What is being asked
Once the pictures are set aside, reproduce the remaining data exactly.
** Opening Provided material block **
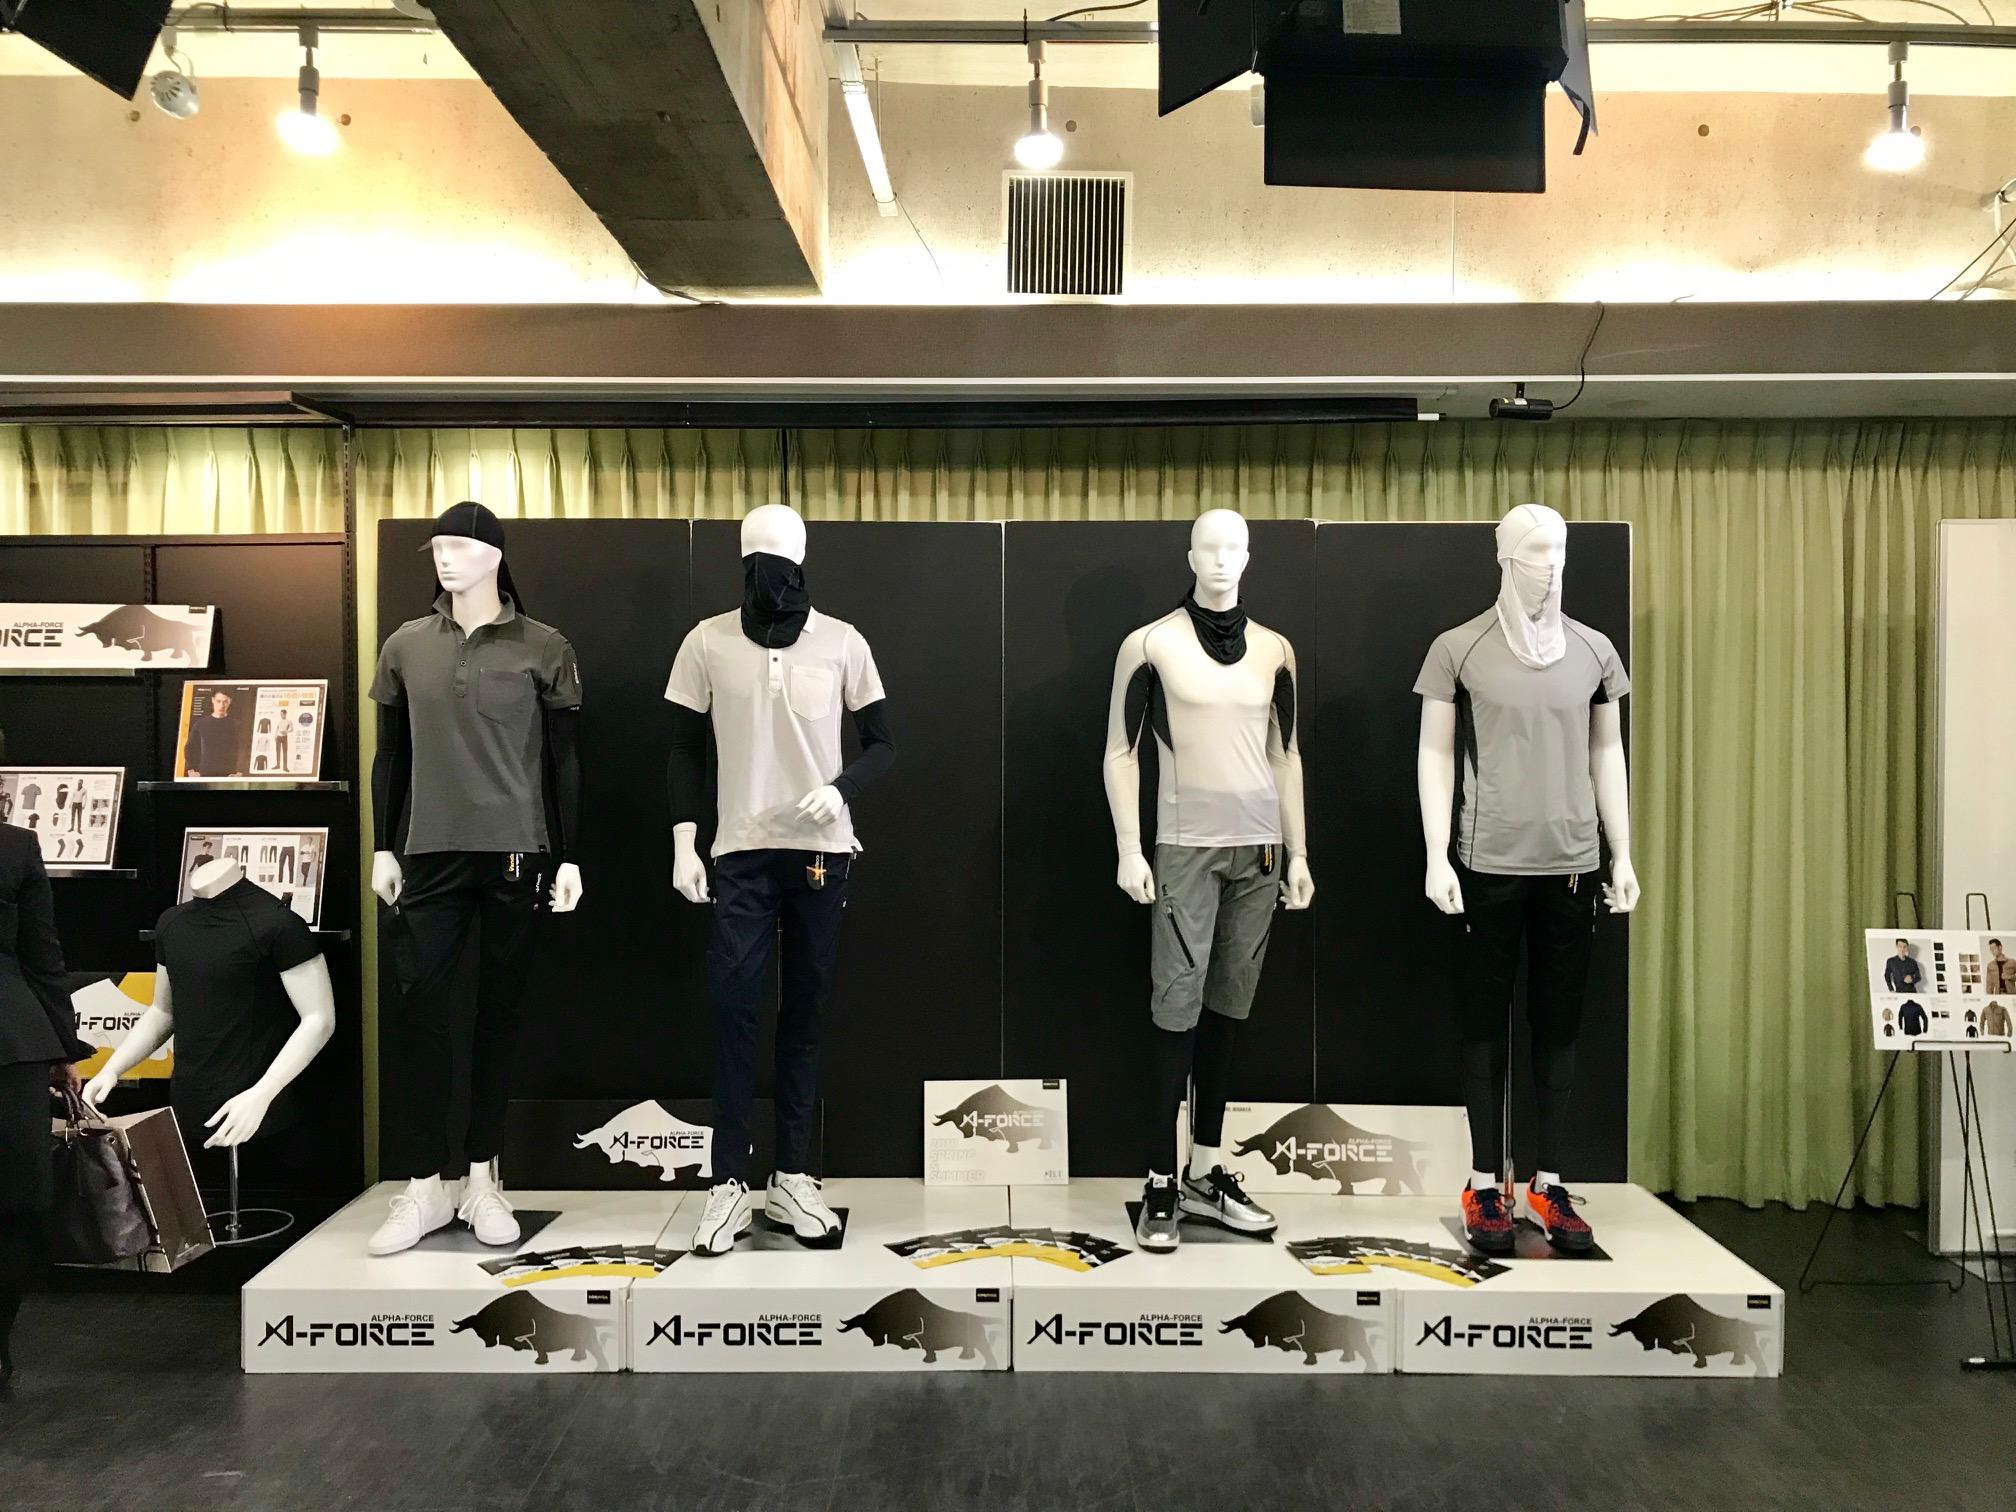 秋葉原の展示会会場 ハンドレッドスクエア倶楽部
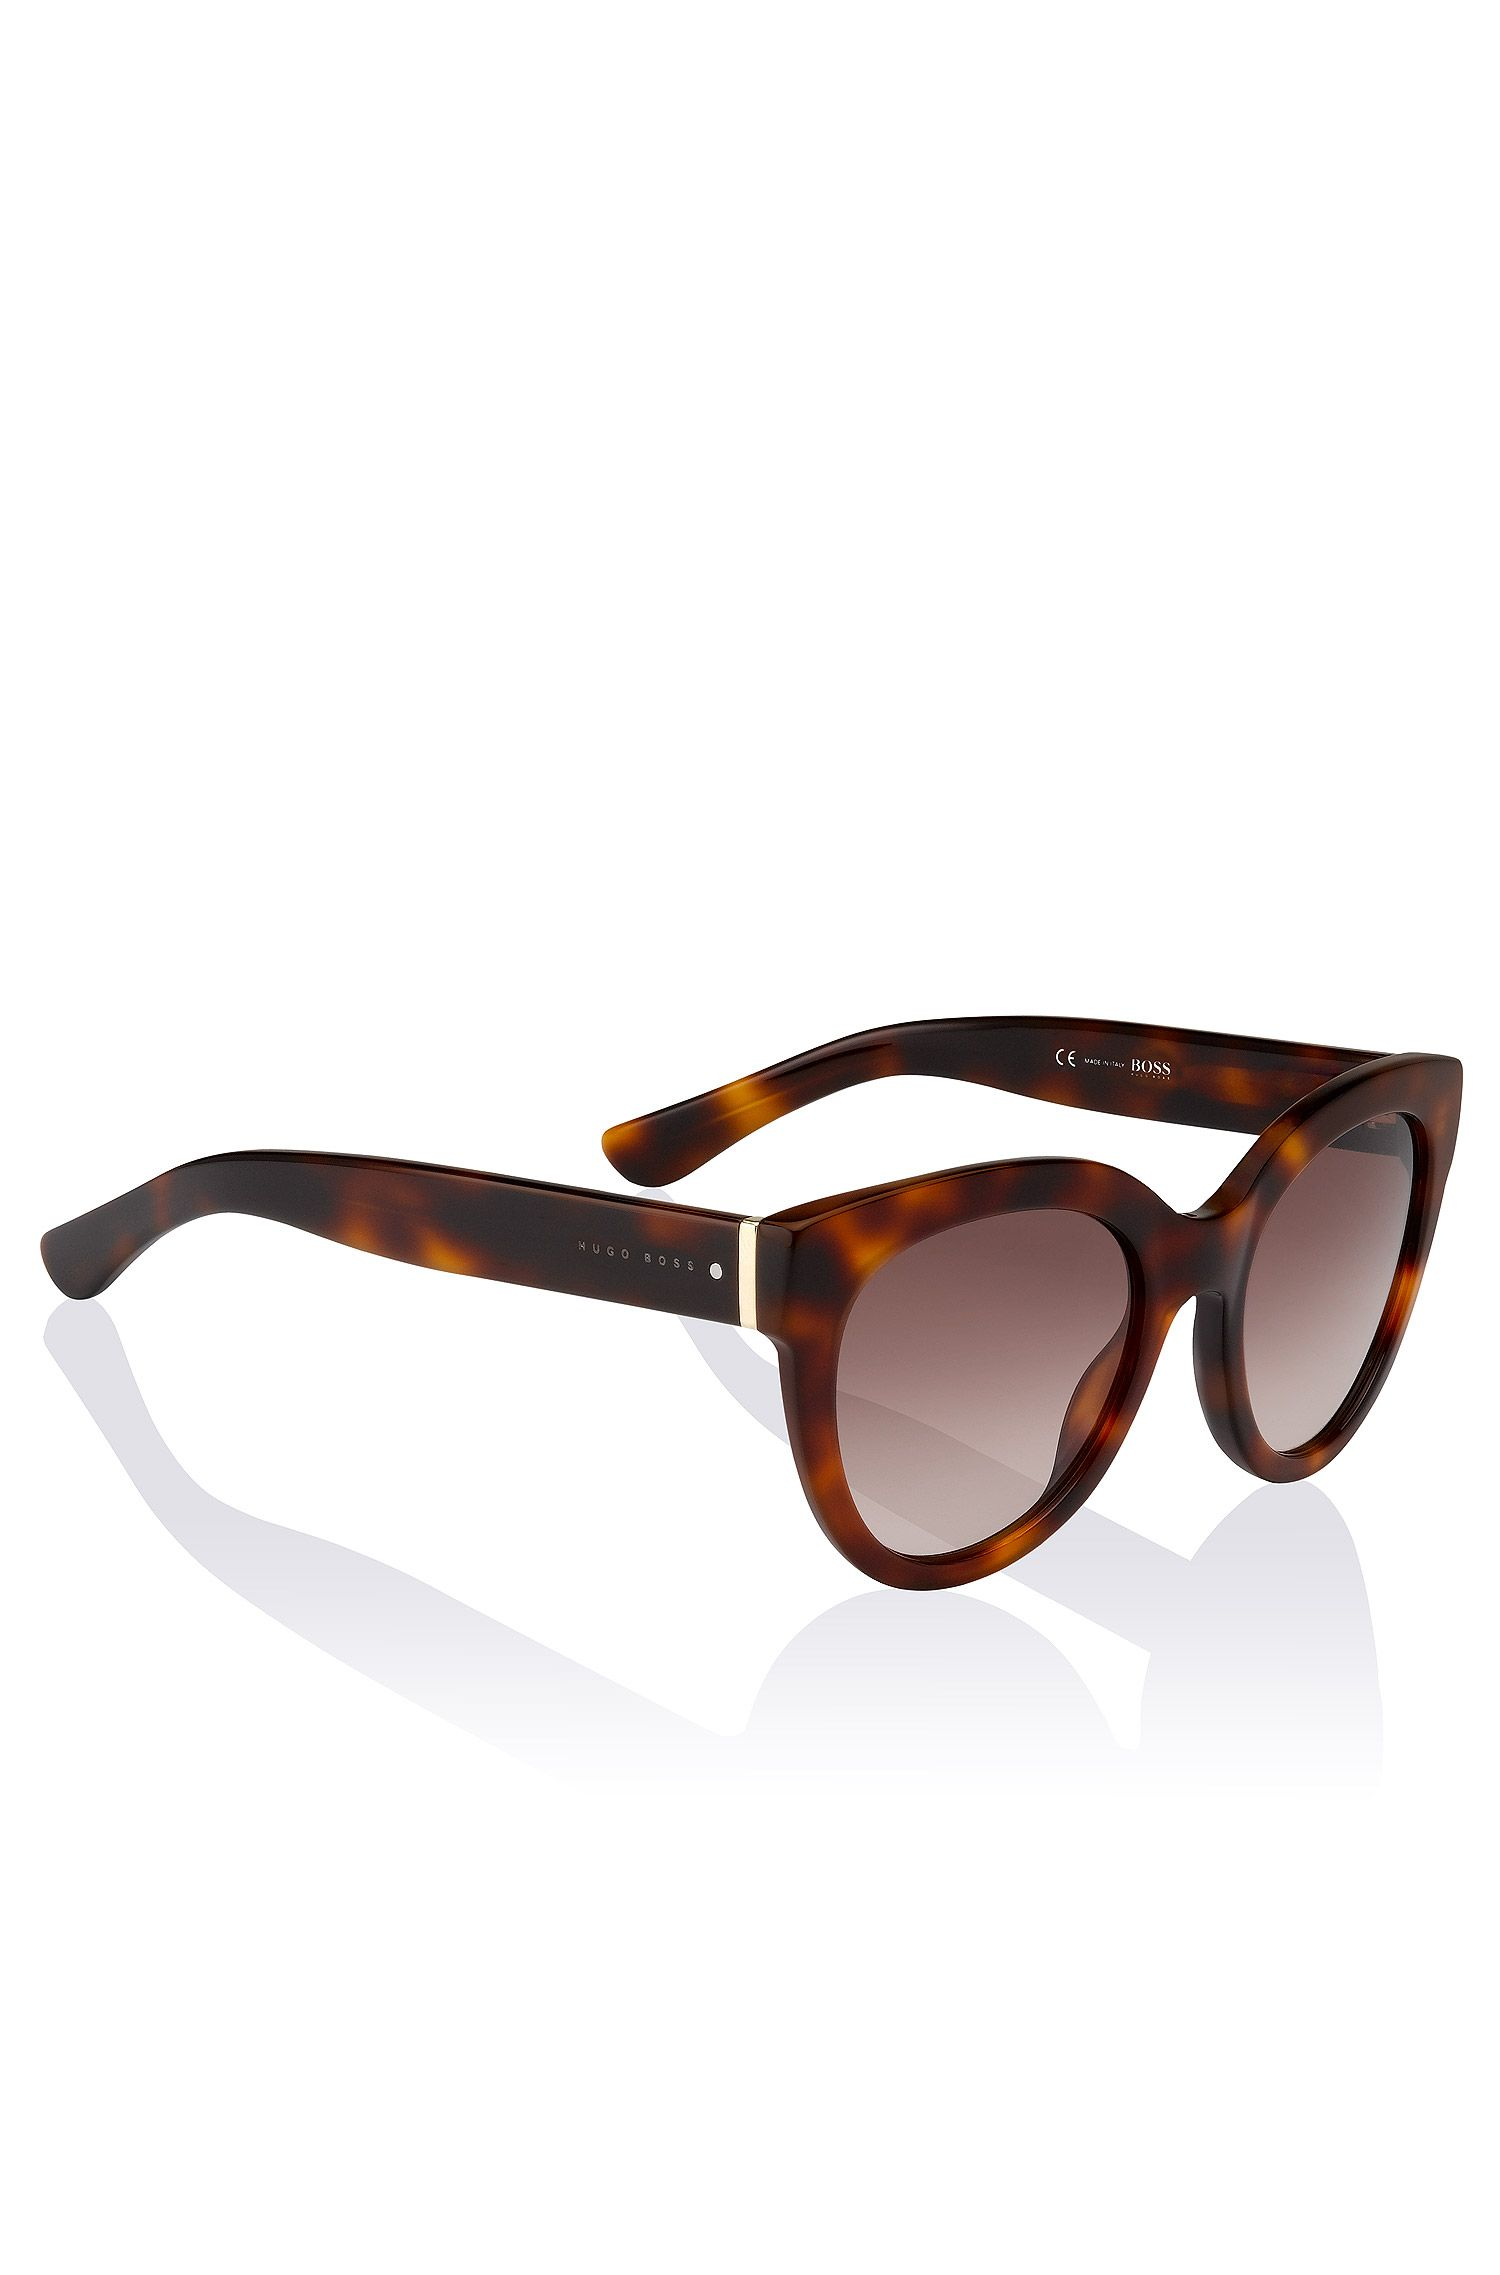 Cat-eye-zonnebril 'BOSS 0675' van acetaat en metaal
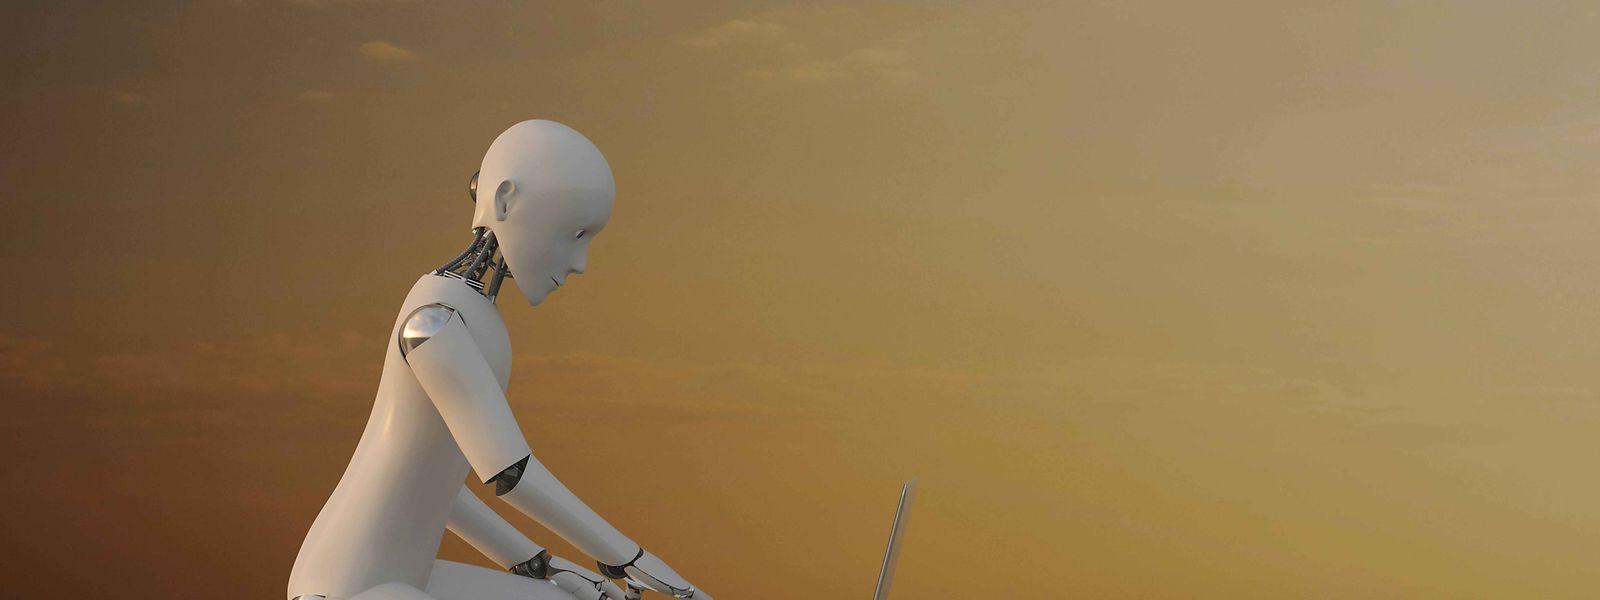 Schreibt der Roboter oder ein Mensch?Automatisierte Meinungsmache im Netz lässt sich mit etwas Mühe oft enttarnen.
** Closing Provided material block **
Answer space
 秋葉原の展示会会場 ハンドレッドスクエア倶楽部
 Cat-eye-zonnebril 'BOSS 0675' van acetaat en metaal
 Schreibt der Roboter oder ein Mensch?Automatisierte Meinungsmache im Netz lässt sich mit etwas Mühe oft enttarnen.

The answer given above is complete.